*Exercise data*.
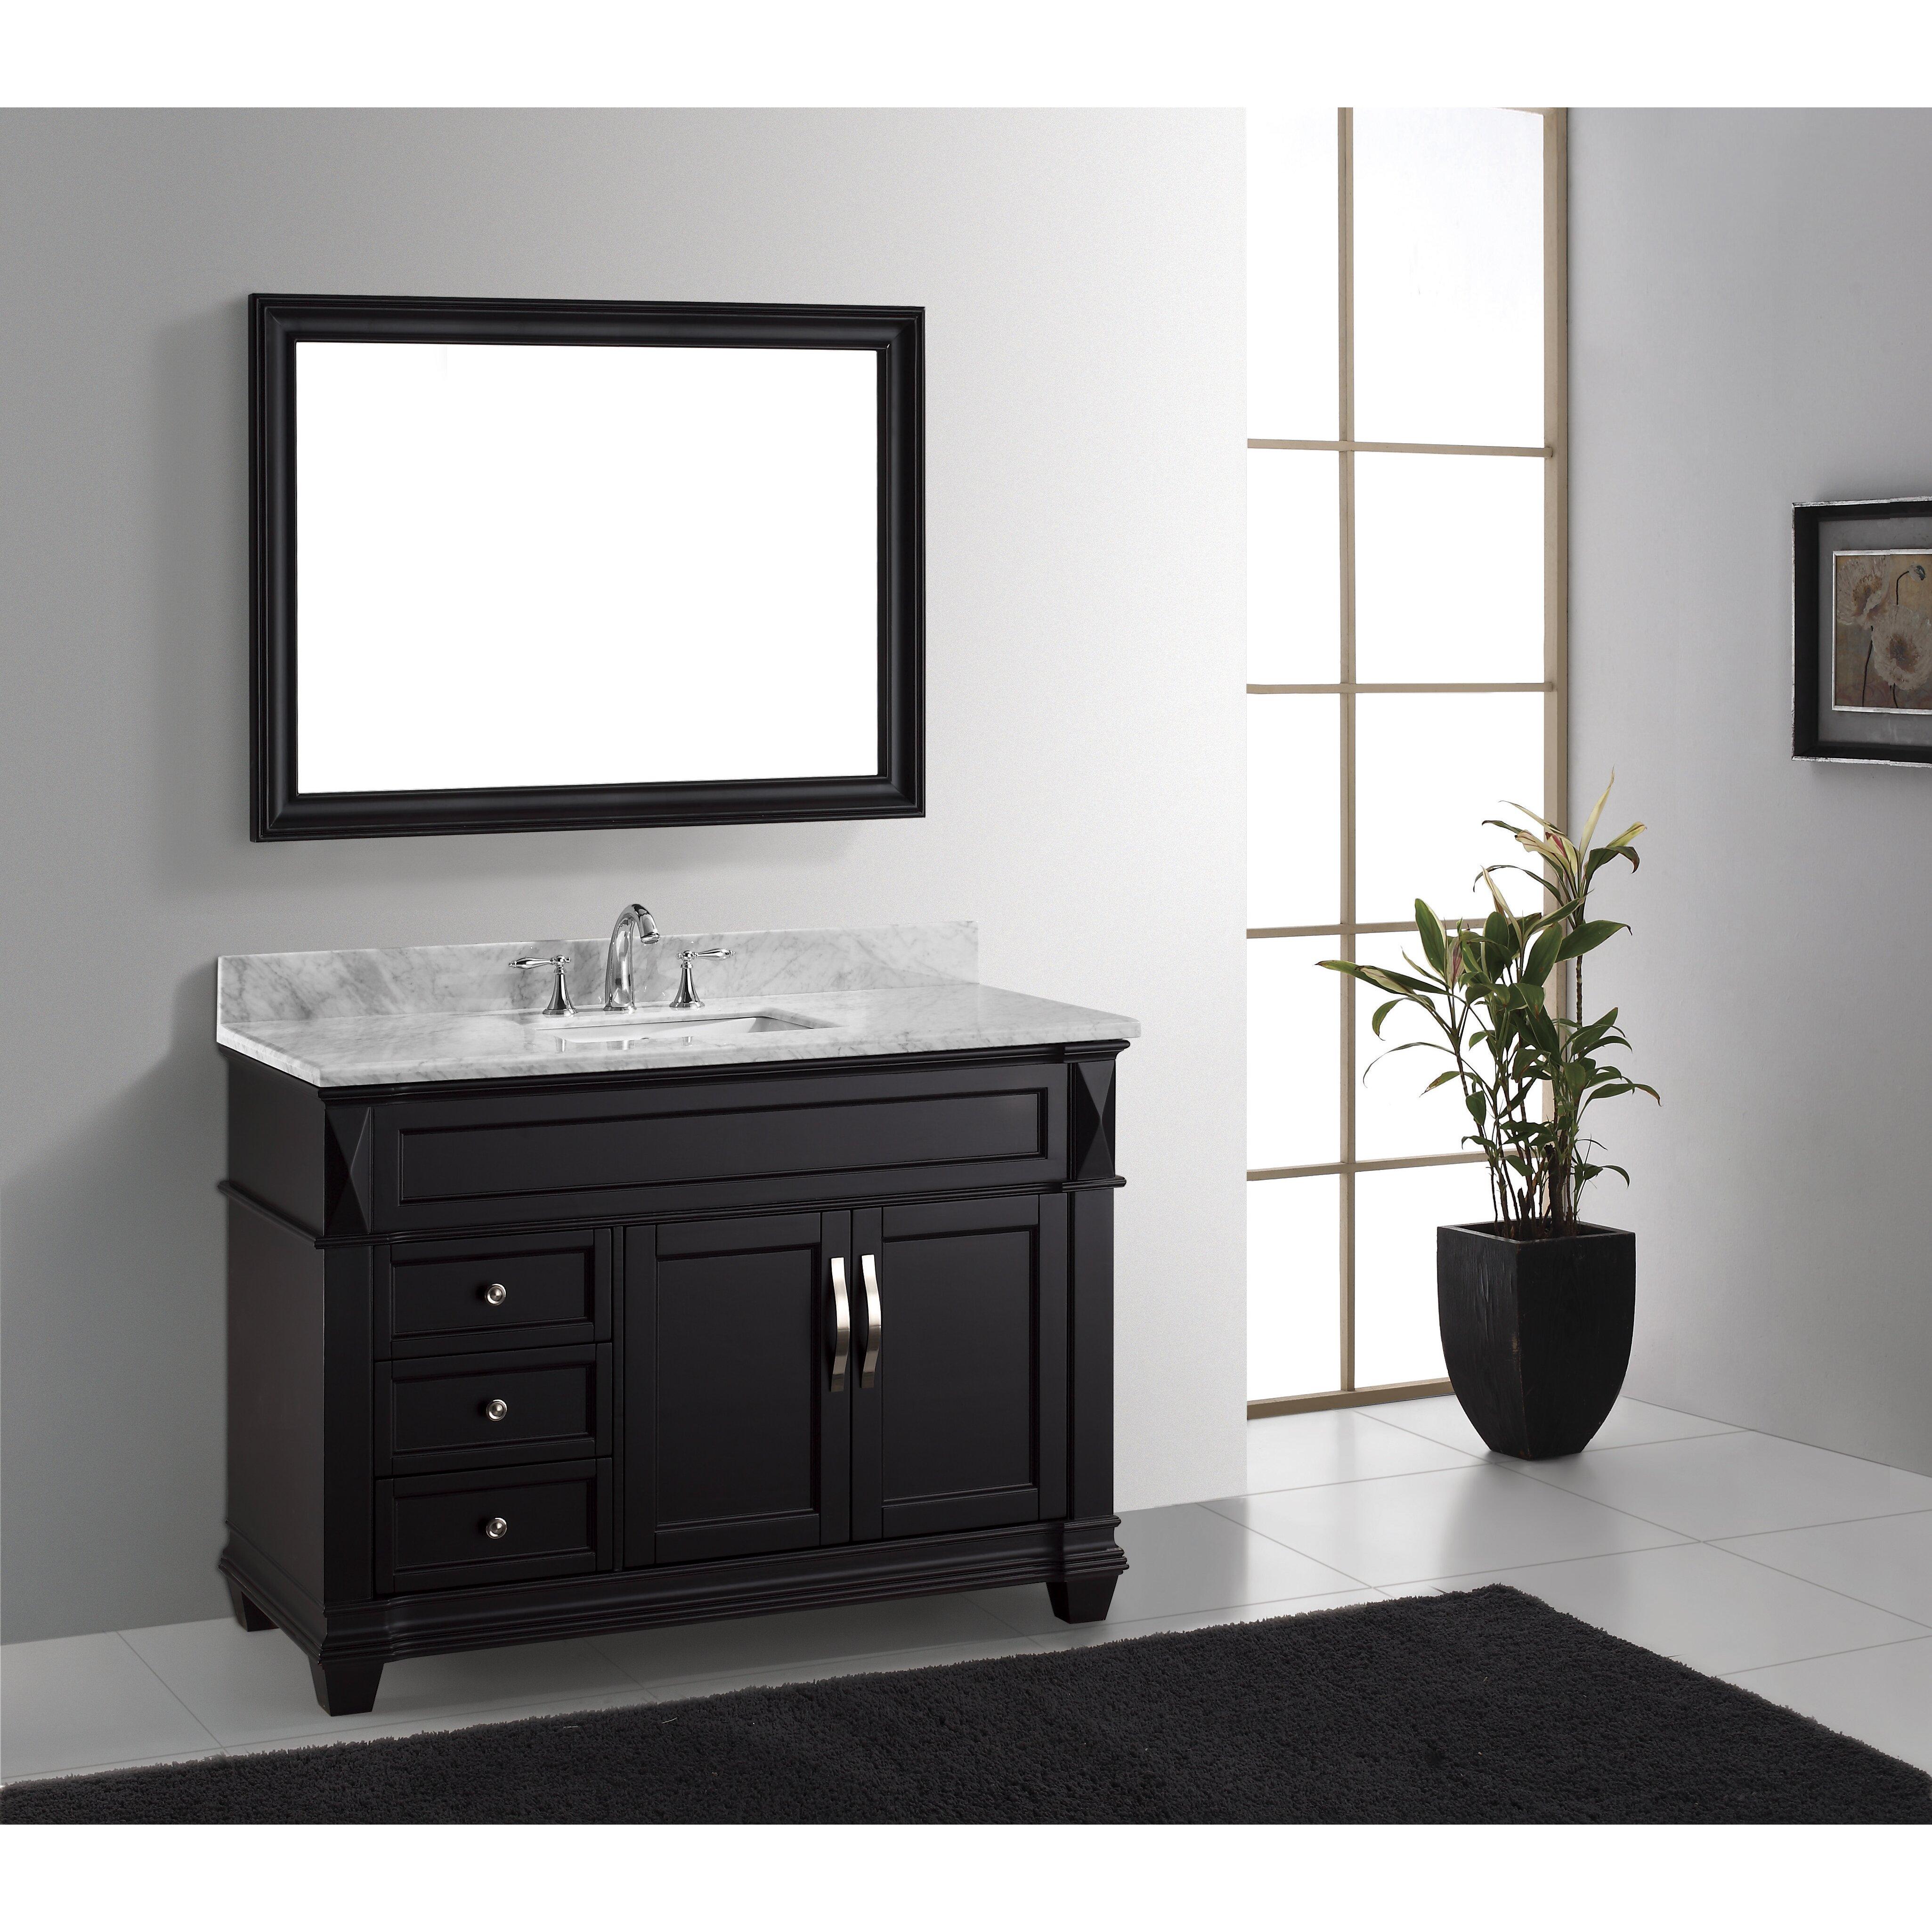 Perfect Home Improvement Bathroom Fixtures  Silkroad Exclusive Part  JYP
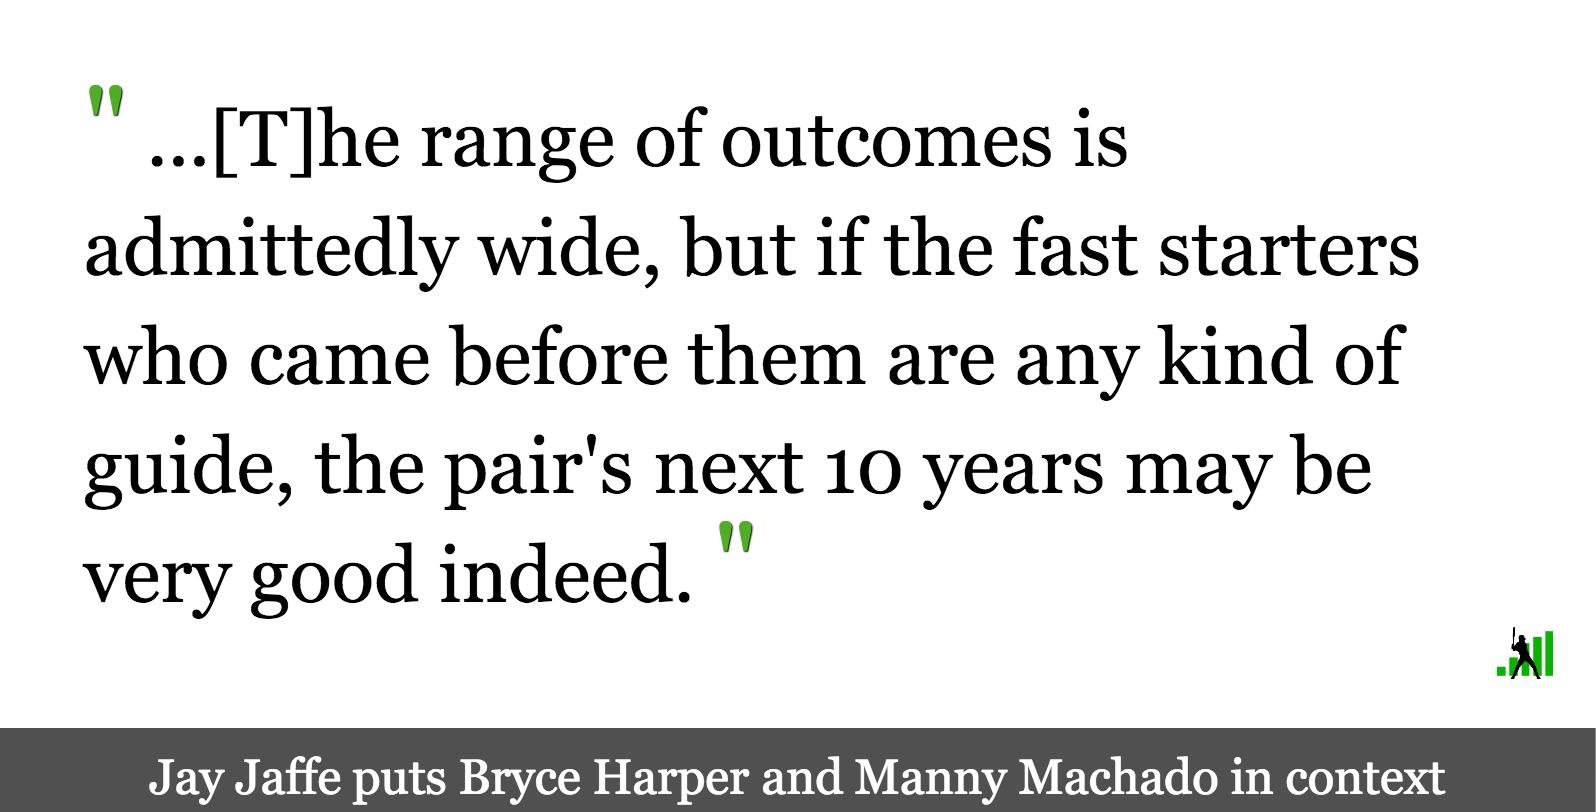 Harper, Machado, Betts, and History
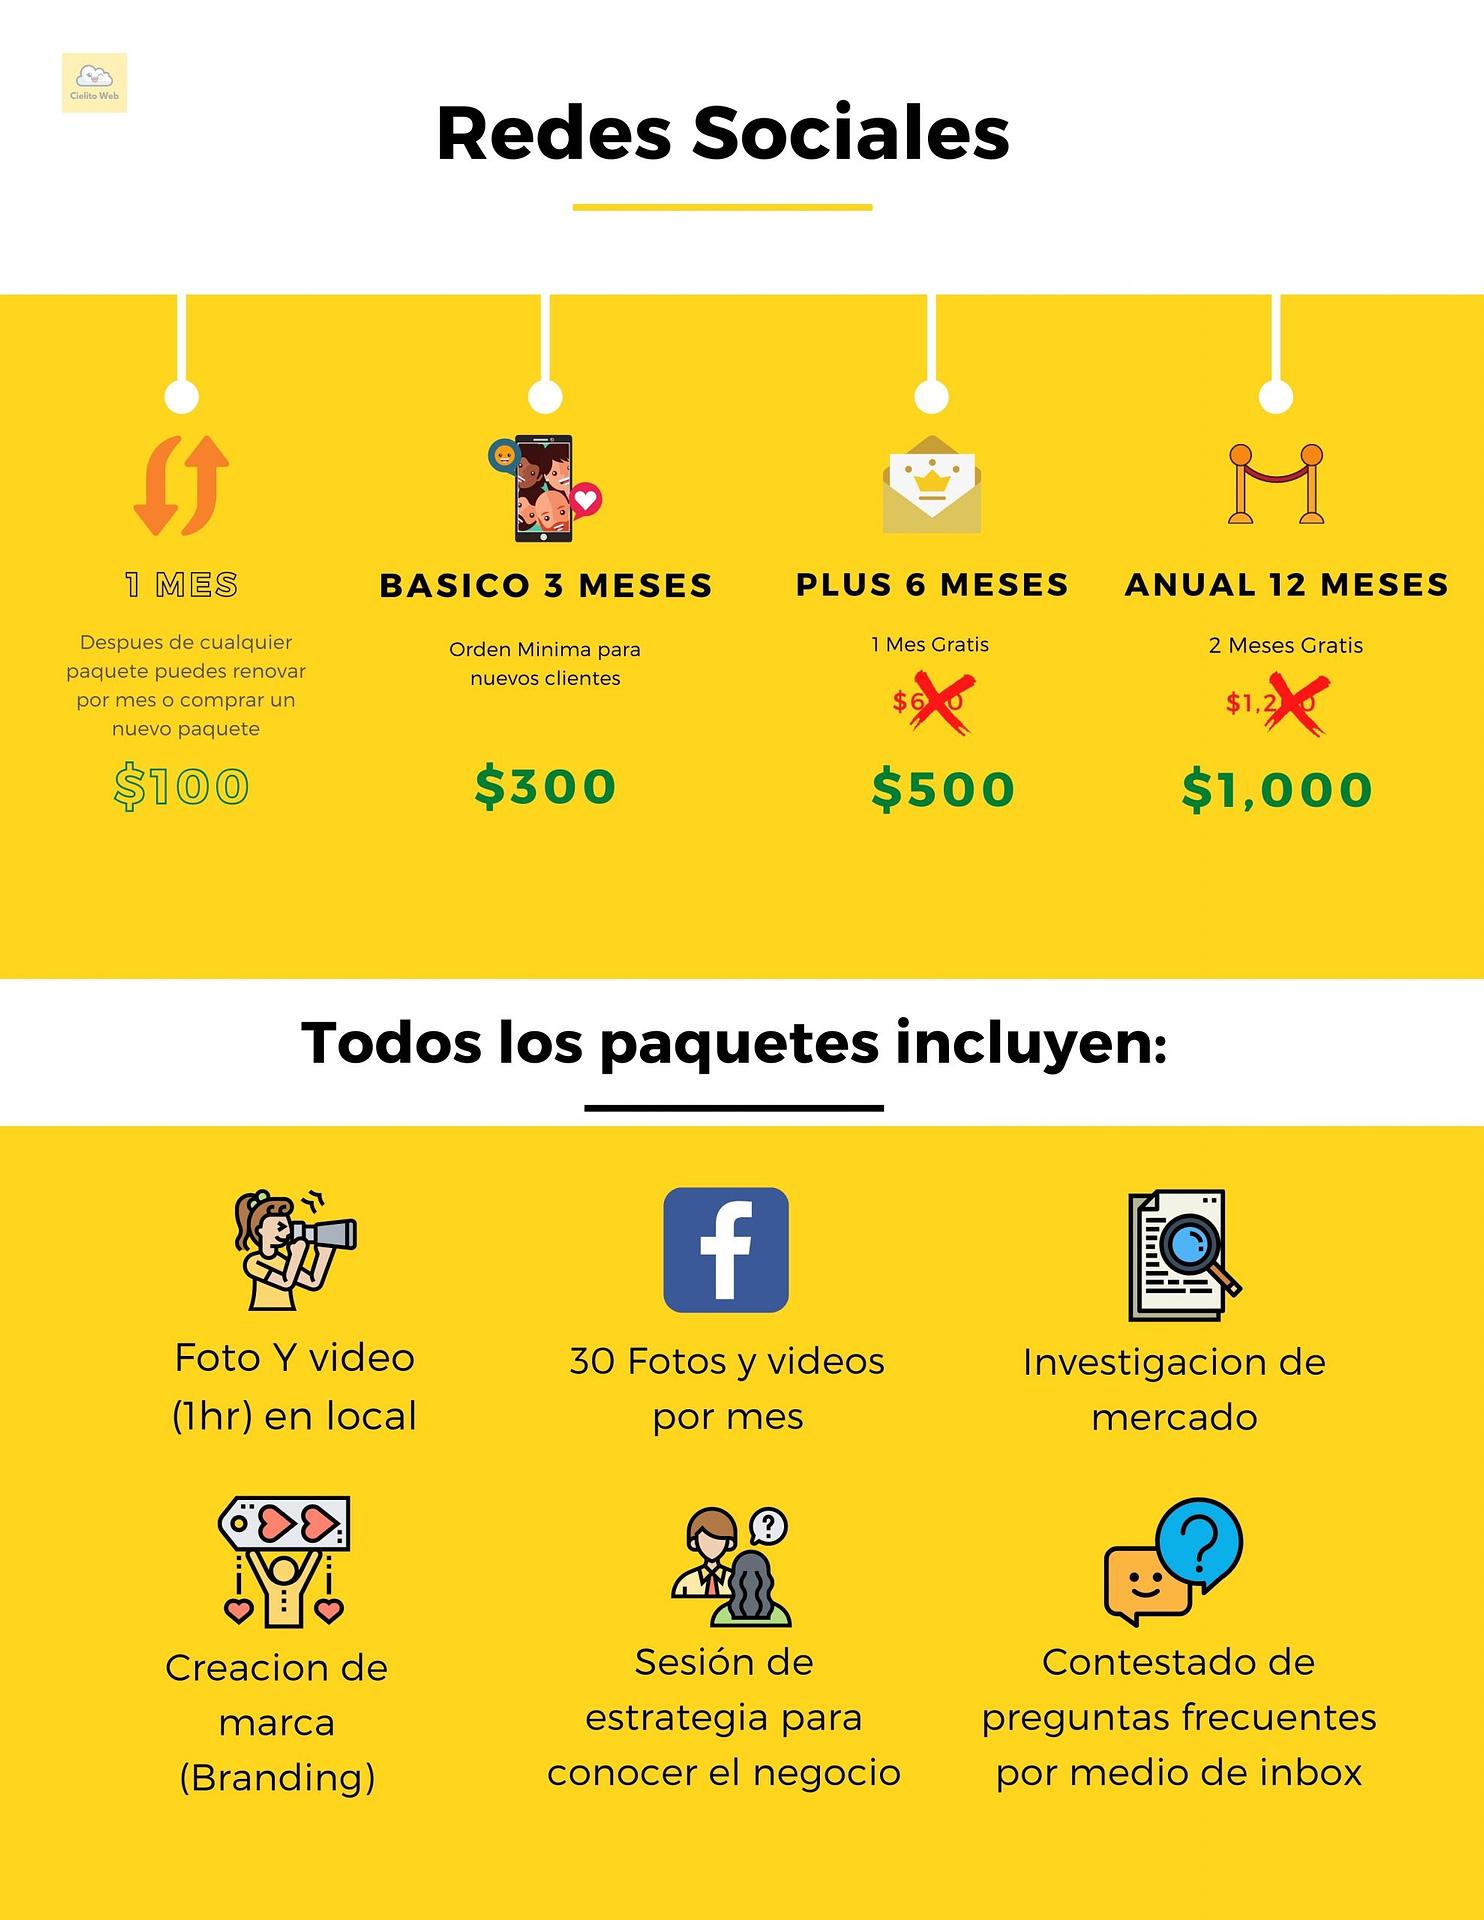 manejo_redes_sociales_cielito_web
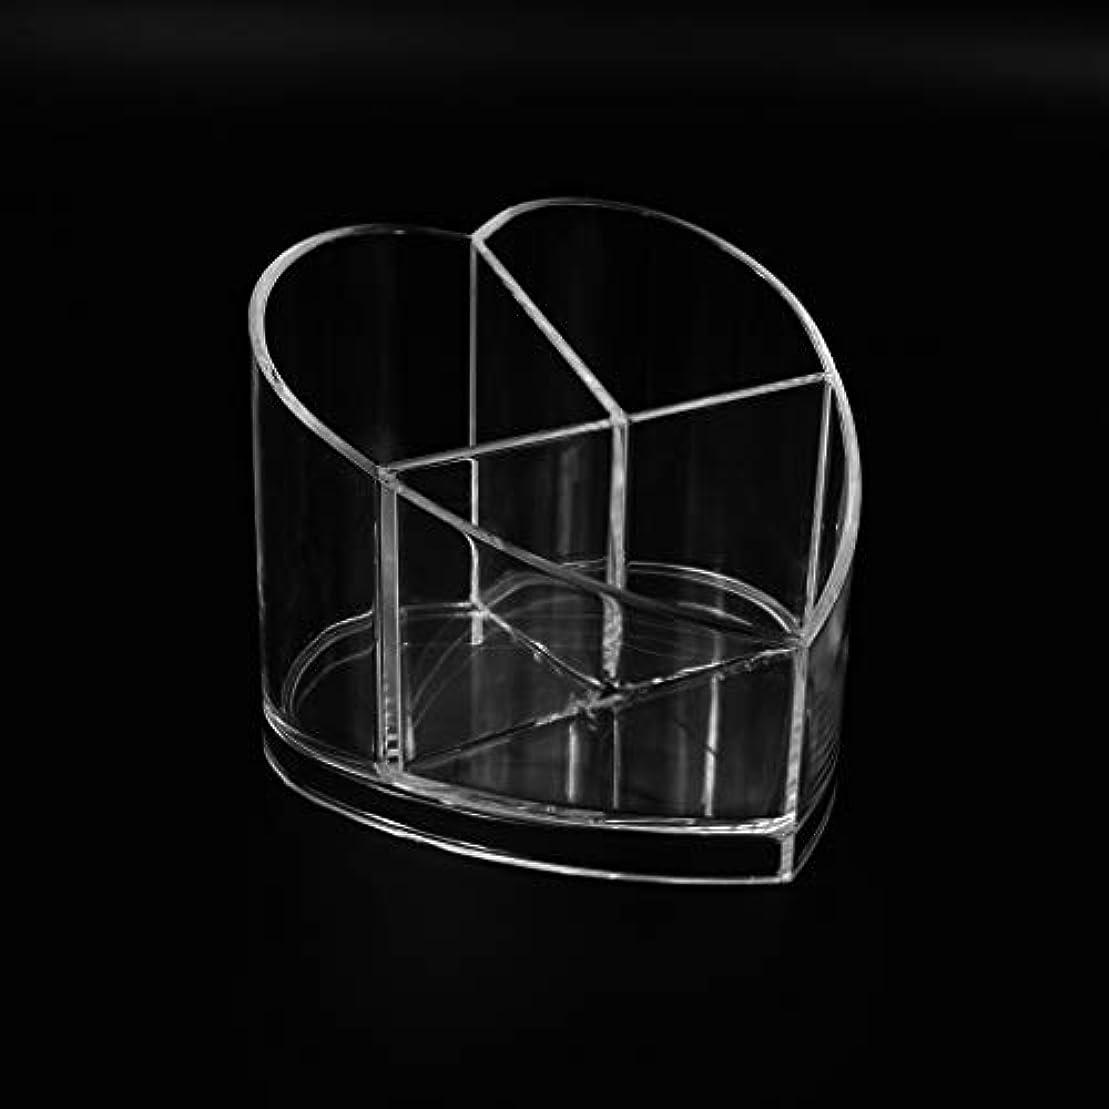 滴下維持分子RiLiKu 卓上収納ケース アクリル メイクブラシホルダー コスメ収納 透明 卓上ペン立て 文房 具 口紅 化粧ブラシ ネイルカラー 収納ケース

*Aim of the task*. Take the line that contains "manejo_redes_sociales_cielito_web" and all lines after it to the end of the material above, and copy them verbatim without any images.

*Solution for this exercise*.
 manejo_redes_sociales_cielito_web
 滴下維持分子RiLiKu 卓上収納ケース アクリル メイクブラシホルダー コスメ収納 透明 卓上ペン立て 文房 具 口紅 化粧ブラシ ネイルカラー 収納ケース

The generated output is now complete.